Variational inference with AD?

datnamer commented 9 years ago

Can the theano infrastructure handle this?

https://github.com/stan-dev/stan/pull/1421 http://andrewgelman.com/2015/02/18/vb-stan-black-box-black-box-variational-bayes/

jsalvatier commented 9 years ago

We don't currently have this implemented, but I suspect it would fit well into pymc3.

On Wed, May 13, 2015 at 4:27 PM, datnamer notifications@github.com wrote:

Can the theano infrastructure handle this?

stan-dev/stan#1421 https://github.com/stan-dev/stan/pull/1421

http://andrewgelman.com/2015/02/18/vb-stan-black-box-black-box-variational-bayes/

— Reply to this email directly or view it on GitHub https://github.com/pymc-devs/pymc3/issues/708.

twiecki commented 9 years ago

Neat! This would be fantastic and I think theano has some features that would make this work without too much hassle.

datnamer commented 9 years ago

It would be :) Just to be clear though, this was more of a "I'll just leave this right here" kinda deal ...I would have no idea where to even start.

twiecki commented 9 years ago

Understood :). Looking at the paper it actually doesn't look that bad.

fonnesbeck commented 9 years ago

I've been looking over that paper with a student of mine. Looks promising.

fonnesbeck commented 9 years ago

Relatedly, there is this. Nice to see a few worthy alternatives to MCMC showing up.

datnamer commented 9 years ago

Wow.
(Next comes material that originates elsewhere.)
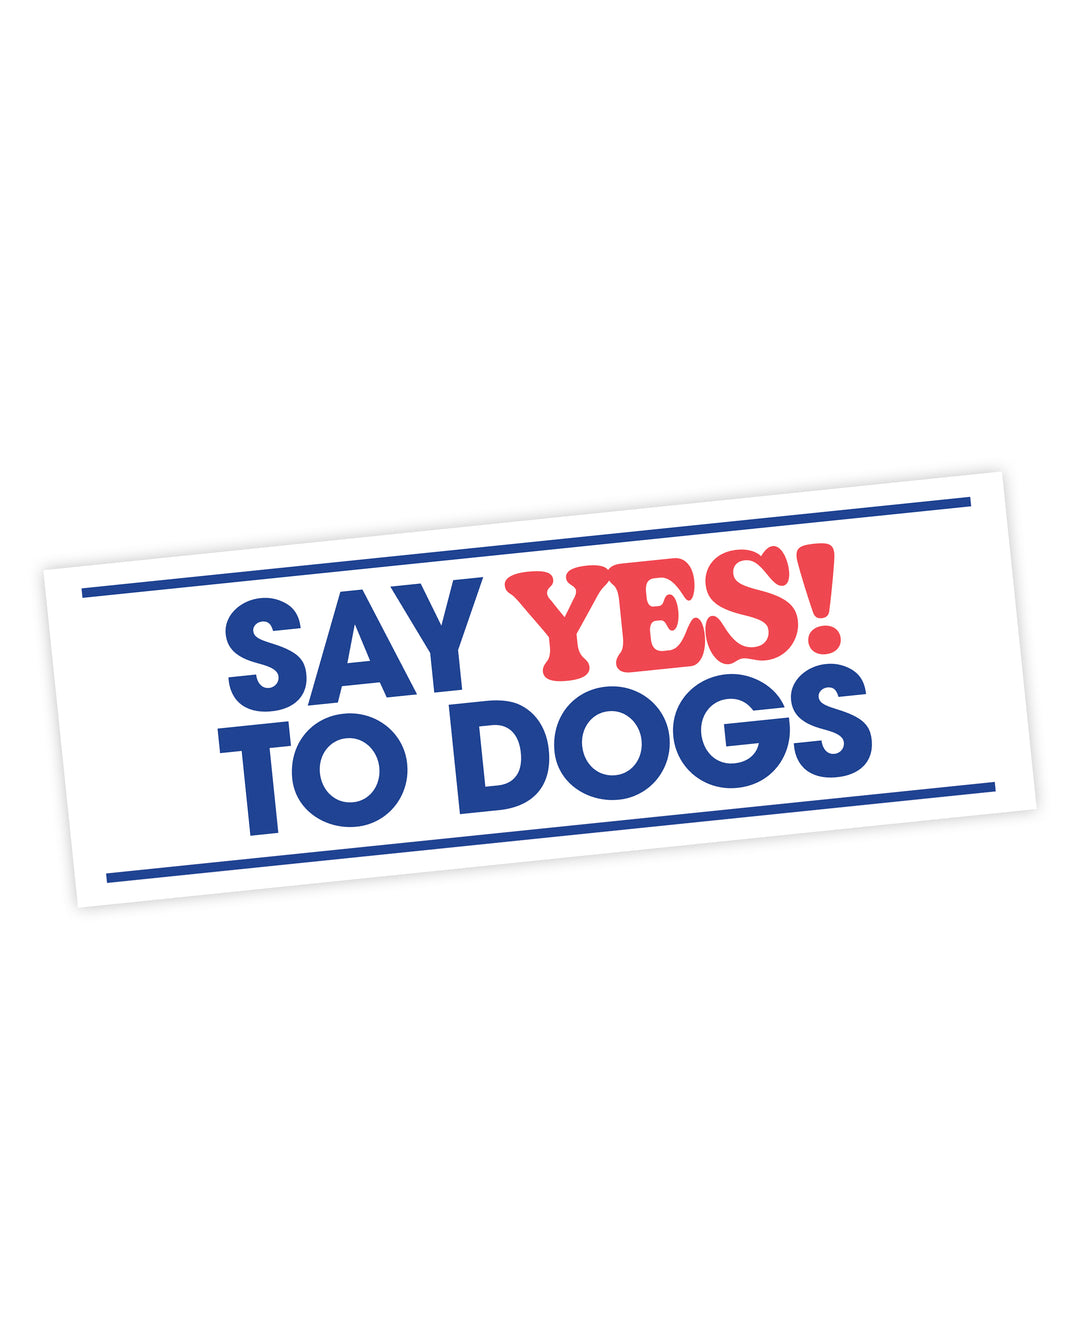 Say Yes To Dogs Bumper Sticker

Flexible inference on larger datasets would be a killer app and also ameliorate python's dearth of statistical modeling packages.

twiecki commented 9 years ago

They are using rmprop to maximize. There are two python implementations: One that works with theano from the theanets library: http://theanets.readthedocs.org/en/latest/generated/theanets.trainer.RmsProp.html One from climin: http://climin.readthedocs.org/en/latest/rmsprop.html

twiecki commented 9 years ago

is what we need to figure out how to compute.

syclik commented 9 years ago

It's the stochastic estimate of the gradient. If you're using theano, this should be cheaper than in Stan because it's already done symbolically, I think.

@akucukelbir, thoughts?

akucukelbir commented 9 years ago

@syclik thanks for alerting me to this thread. Very exciting.

The notation is really poor in that workshop paper; I threw it together too quickly. Expect a much more readable (and thorough) arxiv preprint soon.

I'm not too familiar with pymc or theano, but the primary reason our algorithm works so well in Stan are the automatic transformations. Without that, you'd have to specify the variational approximation.

Do we have transformations in pymc? If so, given that we've worked out a lot of the kinks in Stan, it shouldn't be hard to implement in pymc too.

@twiecki we only use rmsprop in the context of "forgetting" about past gradients. I think it would be more accuracy to say we use a windowed version of adaGrad with stochastic gradient ascent.

@datnamer the arxiv preprint will present results of using a data subsampling strategy with this algorithm. The speed improvements are dramatic.

twiecki commented 9 years ago

@akucukelbir @syclik Thanks for chiming in here!

Regarding the question of transformations, they do exist, but are not automatic (although that would probably not be too hard). Here is an example: https://github.com/pymc-devs/pymc3/blob/master/pymc3/examples/stochastic_volatility.py#L56

Your help in getting this implemented in pymc3 would be much appreciated!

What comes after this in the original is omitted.